[Opening DATA PROVIDED section]

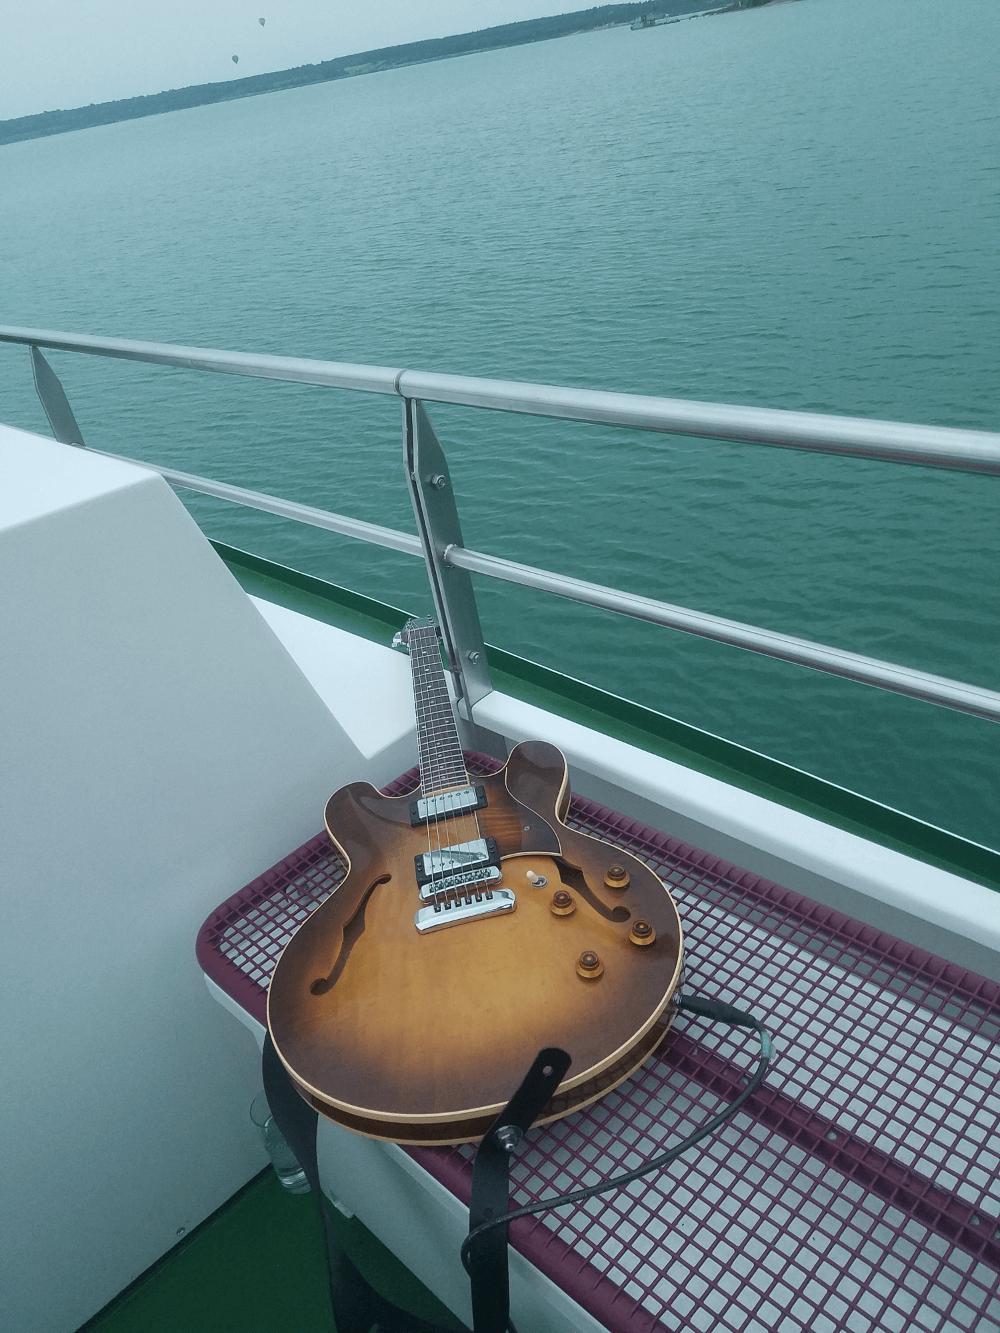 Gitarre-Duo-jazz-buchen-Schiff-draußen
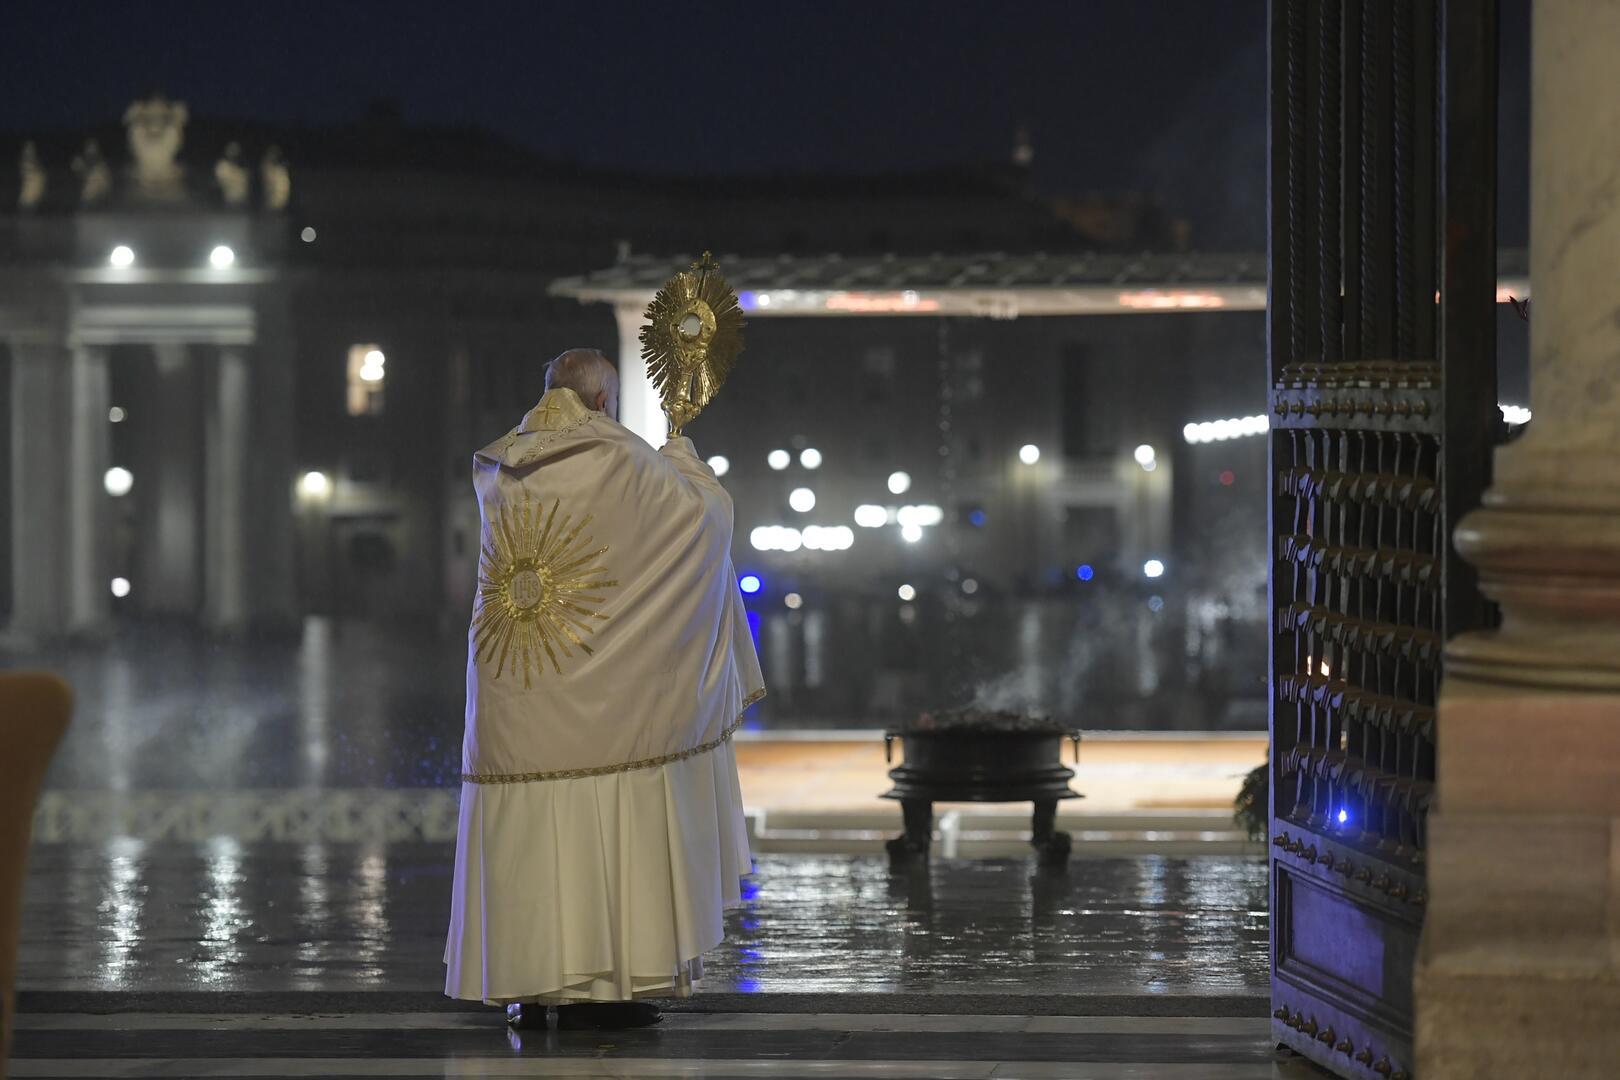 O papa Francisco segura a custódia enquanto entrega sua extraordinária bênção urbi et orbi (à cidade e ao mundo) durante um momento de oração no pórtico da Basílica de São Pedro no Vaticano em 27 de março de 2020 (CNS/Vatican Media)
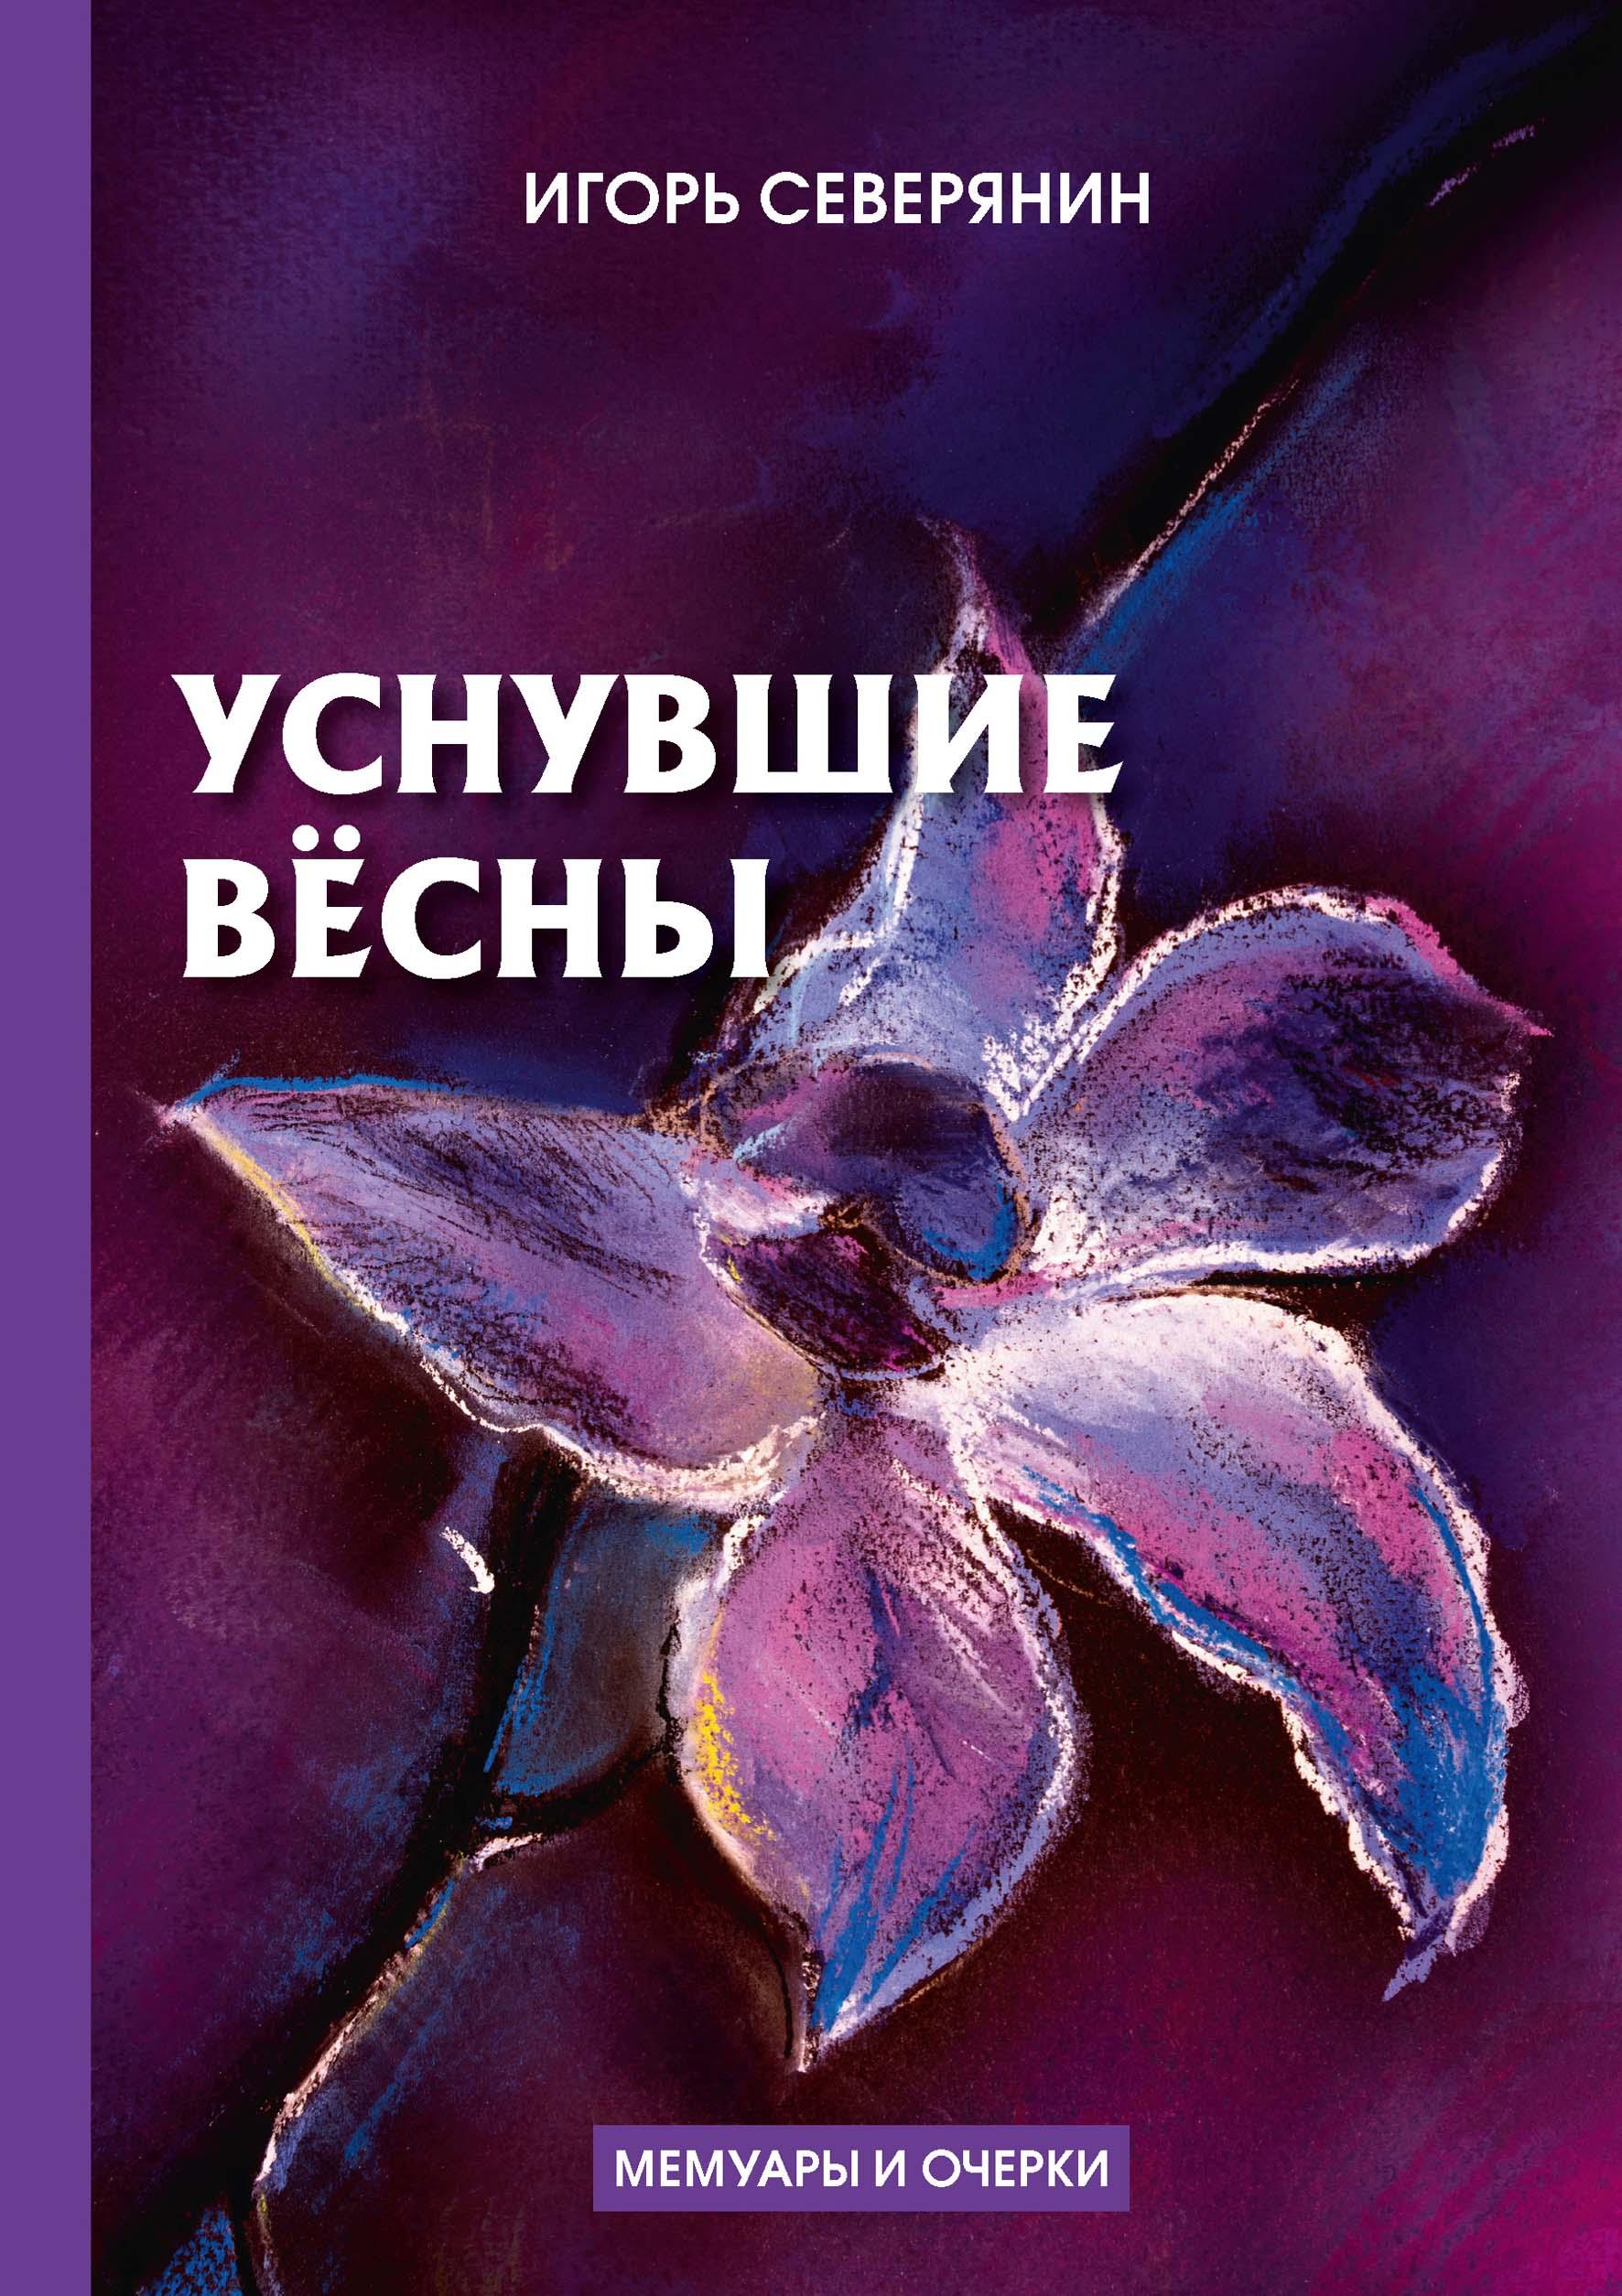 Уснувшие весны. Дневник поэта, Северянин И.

[Closing DATA PROVIDED section]

TASK ITEM: Pictures aside, transcribe exactly the lines from the line containing "O papa Francisco" through the final line of the material above.

REPLY:
 O papa Francisco segura a custódia enquanto entrega sua extraordinária bênção urbi et orbi (à cidade e ao mundo) durante um momento de oração no pórtico da Basílica de São Pedro no Vaticano em 27 de março de 2020 (CNS/Vatican Media)
 Уснувшие весны. Дневник поэта, Северянин И.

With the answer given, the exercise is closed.